§ THE TASK
Somewhere below are a line with "HP 814667-001 3PAR M6710 2TB SAS 2.5 Drive" and a later line with "Dinosaur egg - Stock Image". Output exactly those lines and all lines between them.

§ EXERCISE MATERIALS
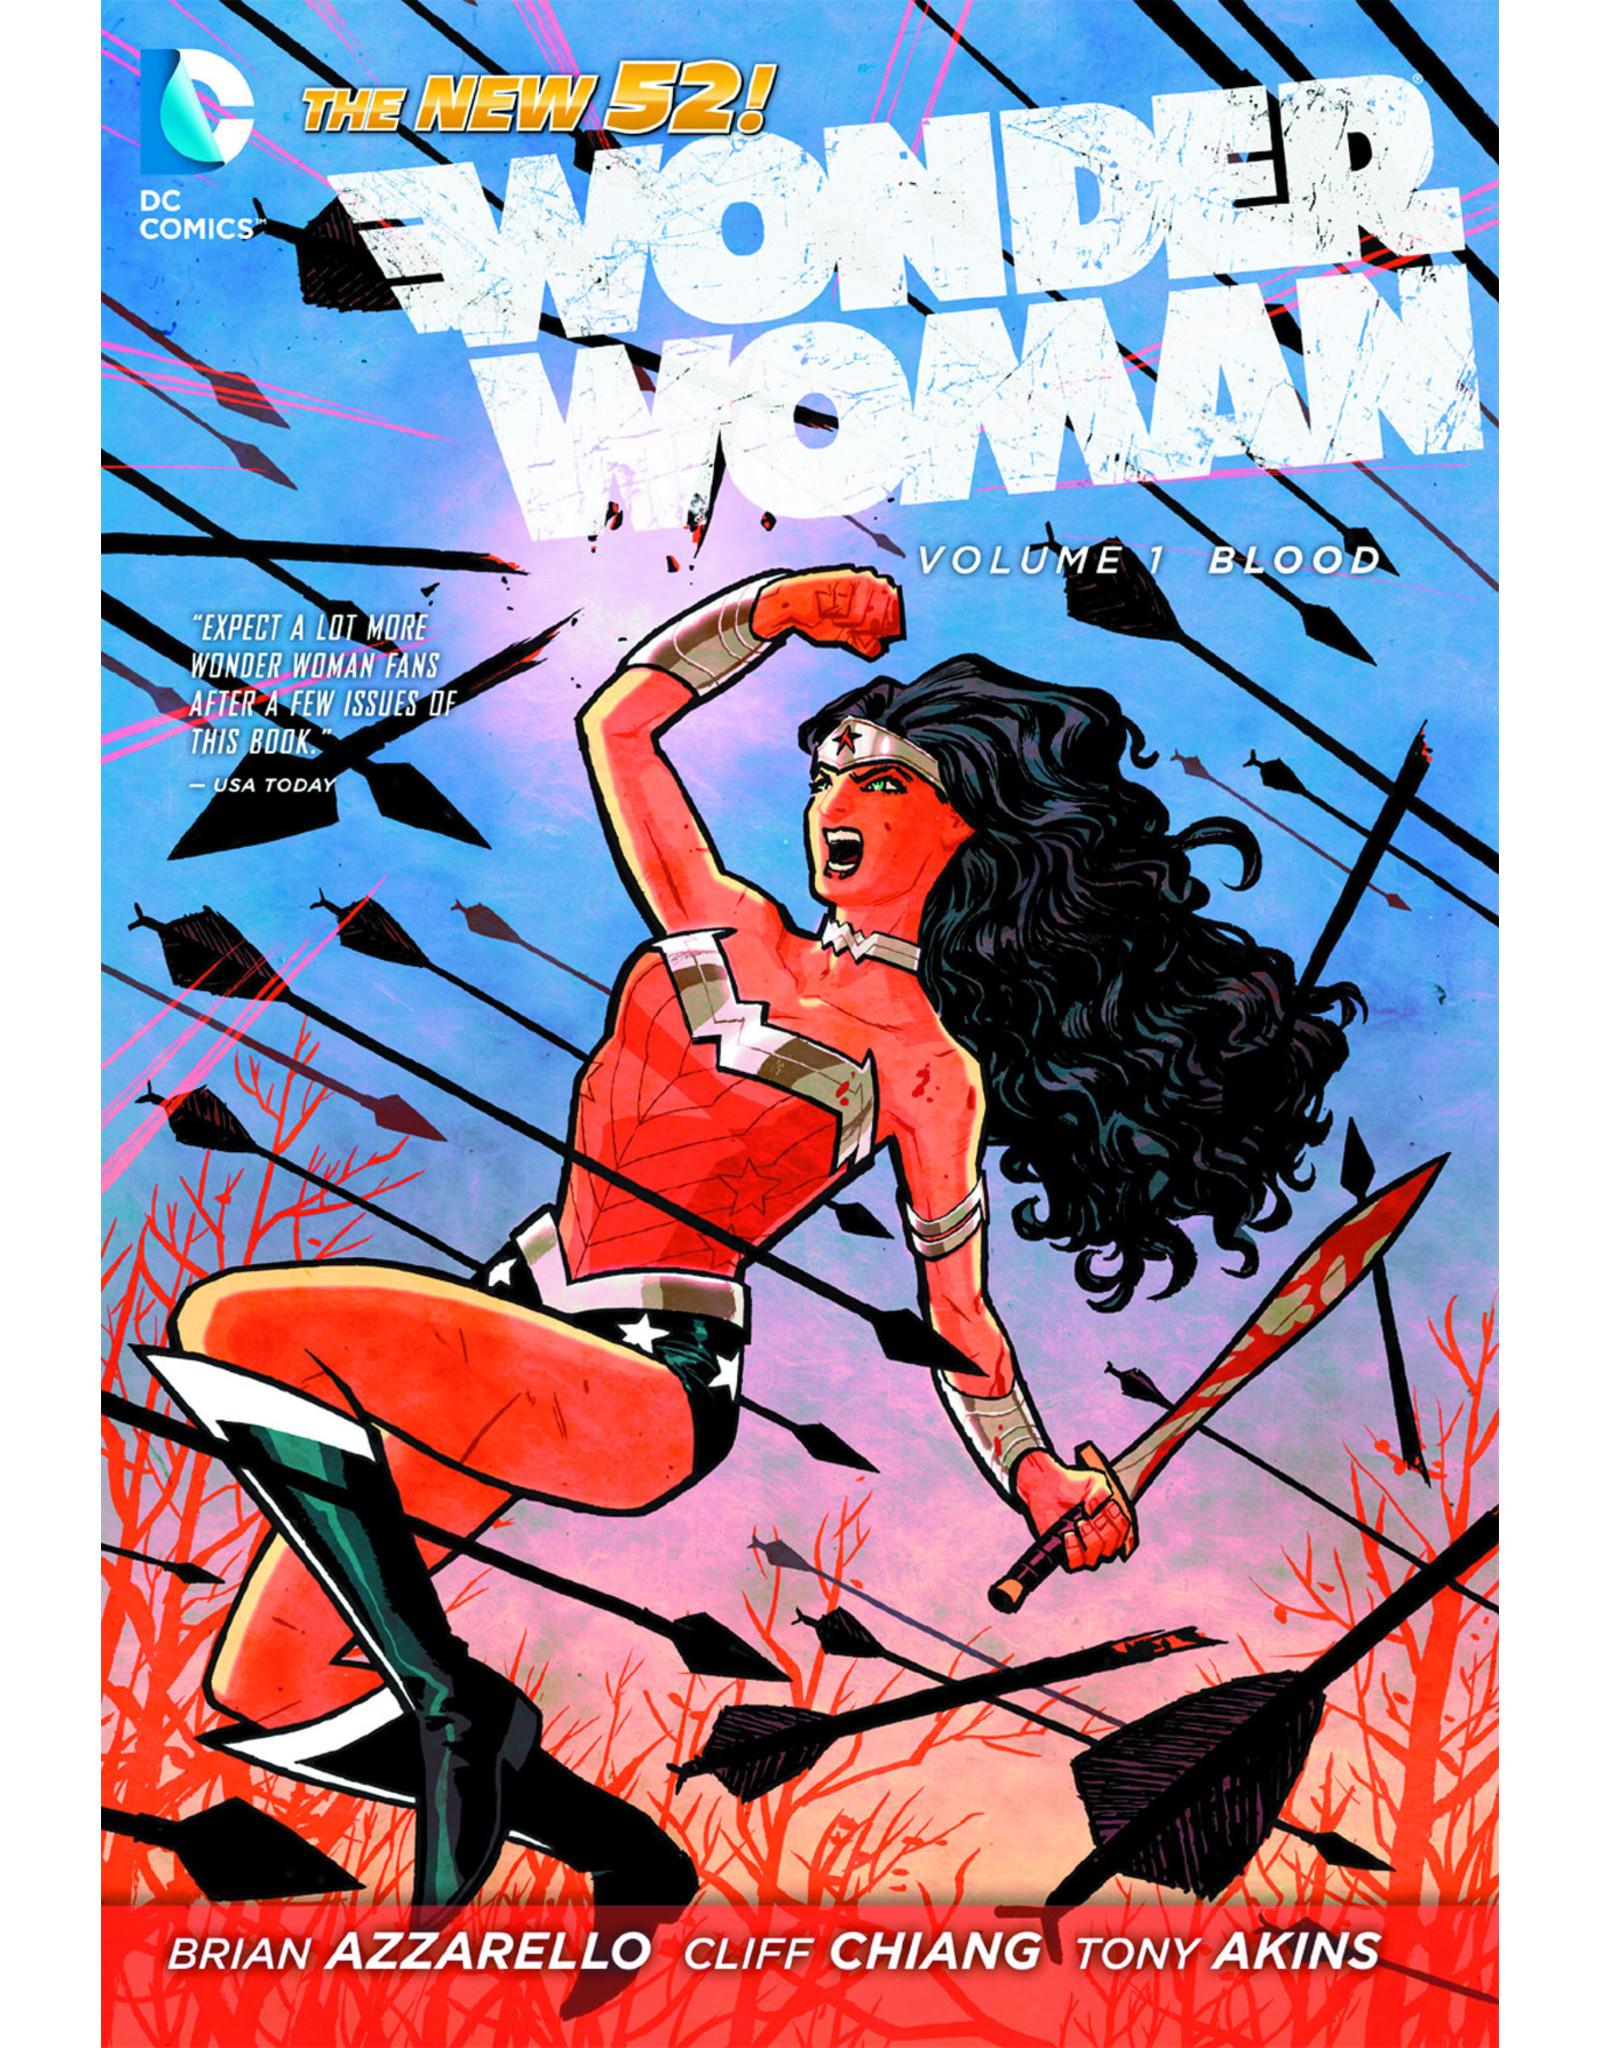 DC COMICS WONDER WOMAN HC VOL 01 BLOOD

...

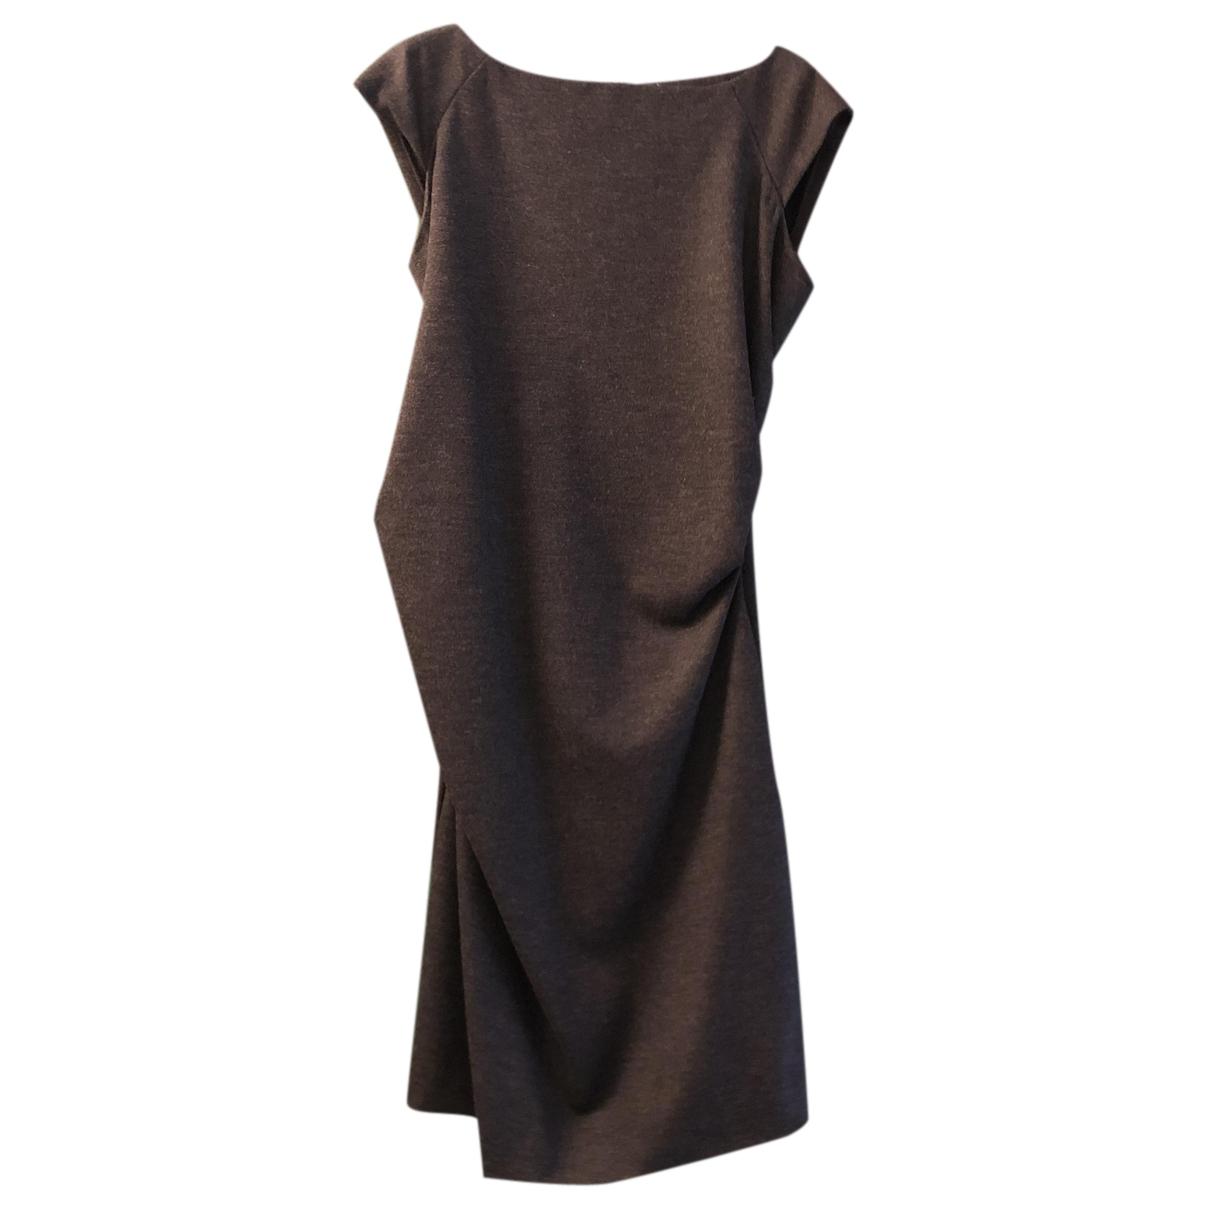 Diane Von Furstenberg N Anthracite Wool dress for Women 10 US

==

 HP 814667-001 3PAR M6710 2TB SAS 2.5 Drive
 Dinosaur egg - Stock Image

§ EXPECTED ANSWER
 HP 814667-001 3PAR M6710 2TB SAS 2.5 Drive
 Dinosaur egg - Stock Image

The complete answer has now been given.